_Excerpted records_
+++
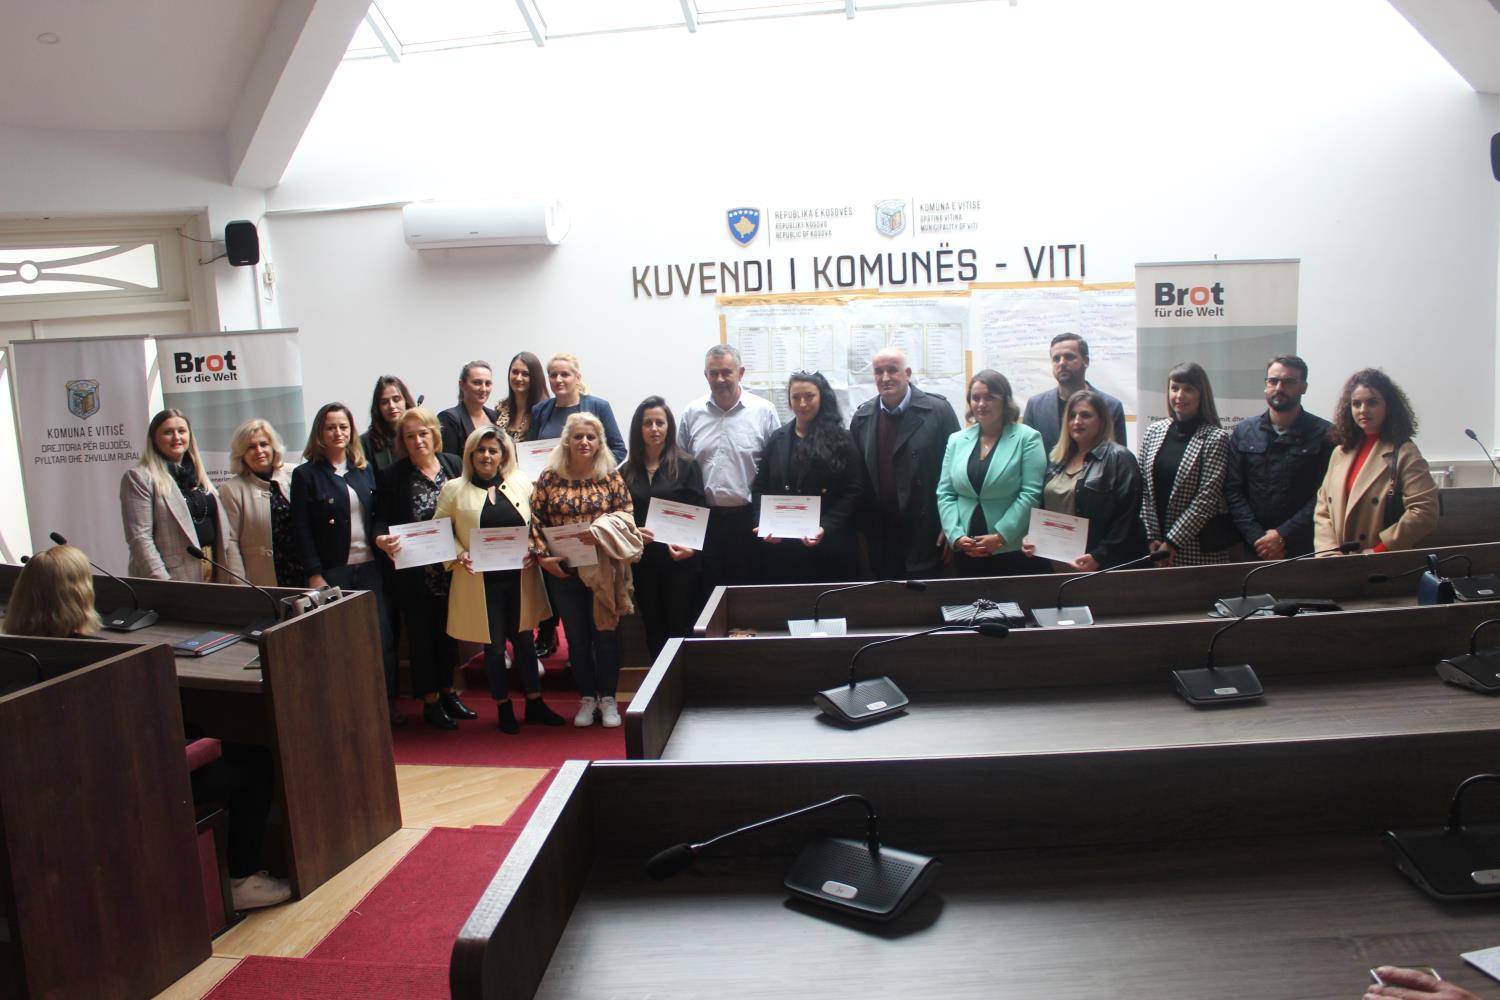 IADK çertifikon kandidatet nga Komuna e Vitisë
+++
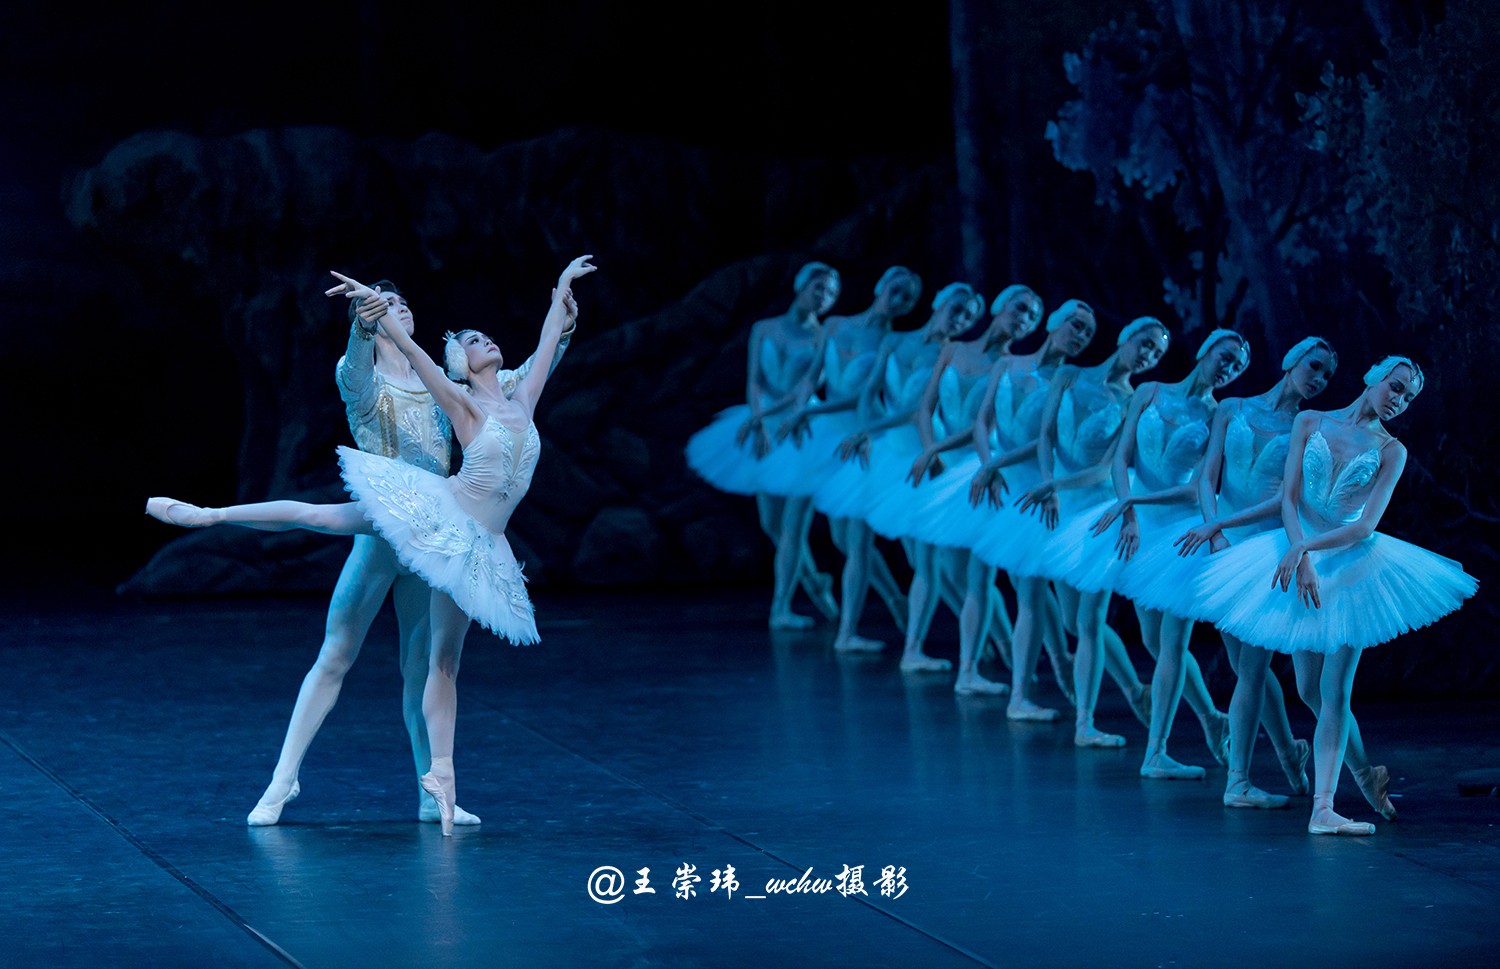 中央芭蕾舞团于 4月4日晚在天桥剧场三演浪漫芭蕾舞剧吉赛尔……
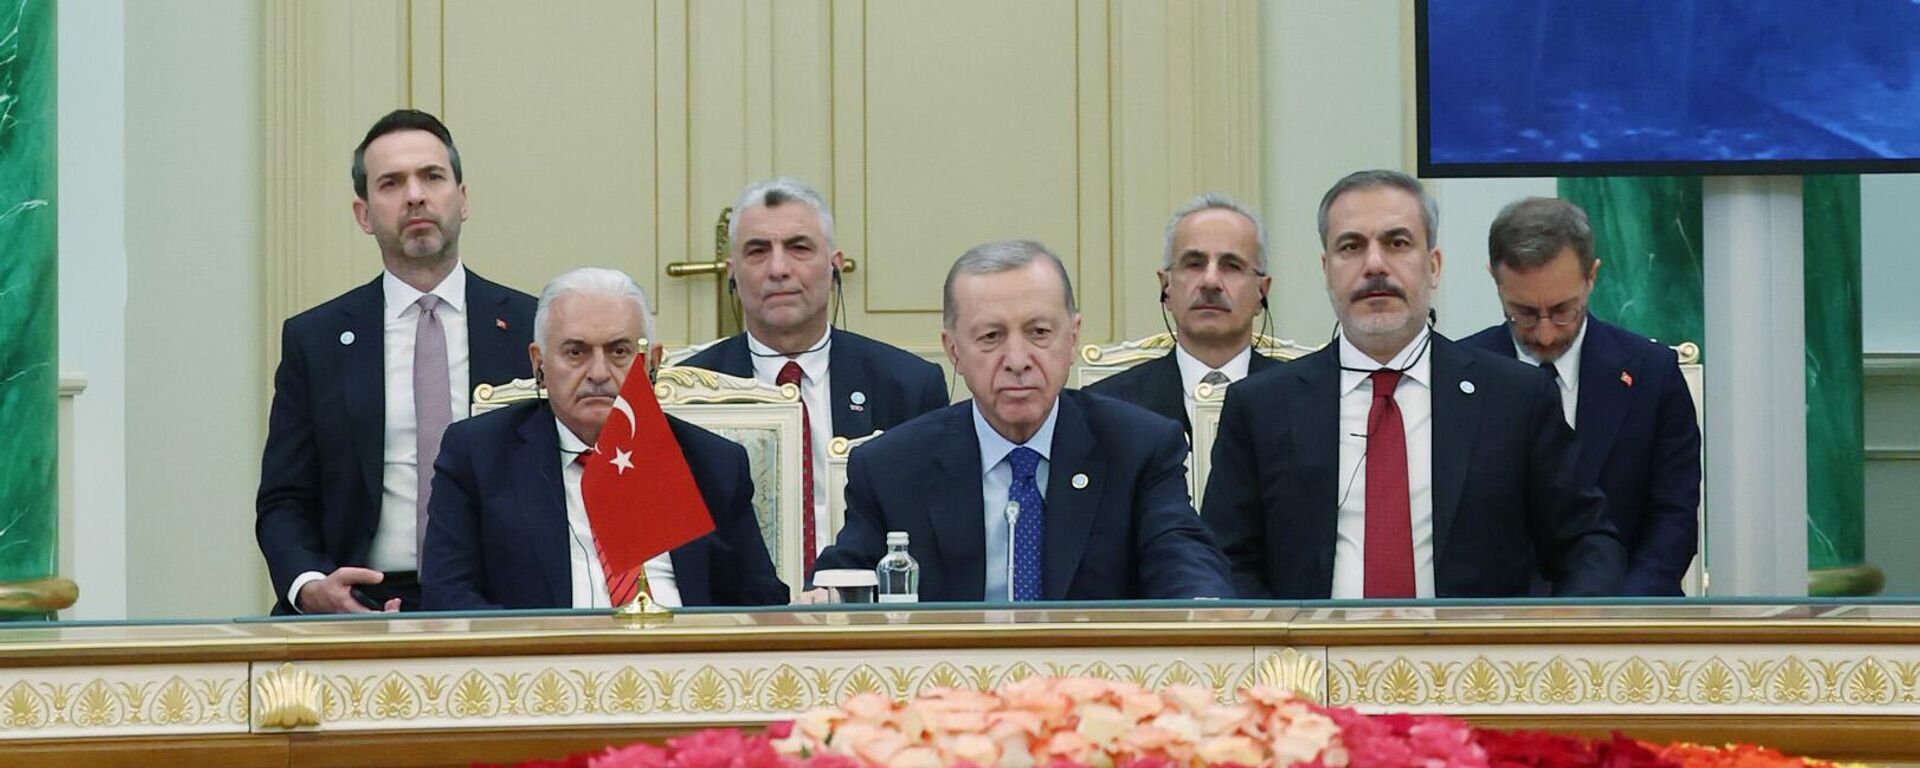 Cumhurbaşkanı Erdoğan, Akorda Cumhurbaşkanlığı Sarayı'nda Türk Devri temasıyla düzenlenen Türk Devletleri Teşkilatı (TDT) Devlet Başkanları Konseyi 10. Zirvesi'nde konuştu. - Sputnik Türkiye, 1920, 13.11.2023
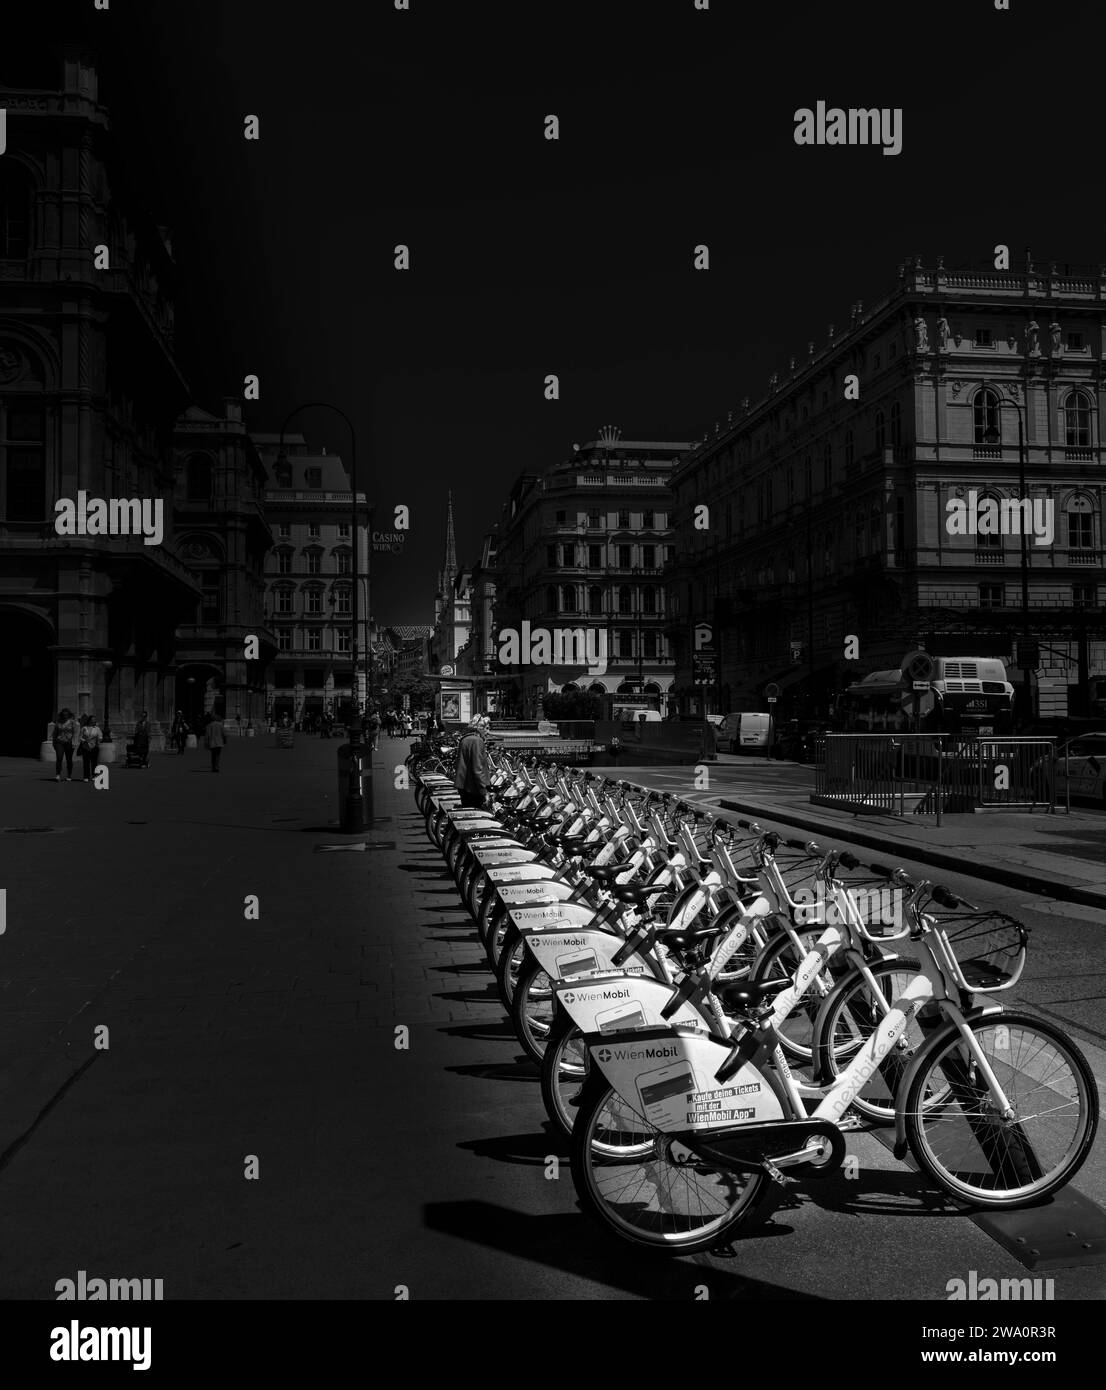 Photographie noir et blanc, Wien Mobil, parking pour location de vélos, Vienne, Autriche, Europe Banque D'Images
+++
Transcribe exactly the lines above, beginning at the one with "中央芭蕾舞团于 4月4日晚在天桥剧场三演浪漫芭蕾舞剧吉赛尔……" and going up to and including the one with "Photographie noir et". Pictures do not belong in the copy.

 中央芭蕾舞团于 4月4日晚在天桥剧场三演浪漫芭蕾舞剧吉赛尔……
 Cumhurbaşkanı Erdoğan, Akorda Cumhurbaşkanlığı Sarayı'nda Türk Devri temasıyla düzenlenen Türk Devletleri Teşkilatı (TDT) Devlet Başkanları Konseyi 10. Zirvesi'nde konuştu. - Sputnik Türkiye, 1920, 13.11.2023
 Photographie noir et blanc, Wien Mobil, parking pour location de vélos, Vienne, Autriche, Europe Banque D'Images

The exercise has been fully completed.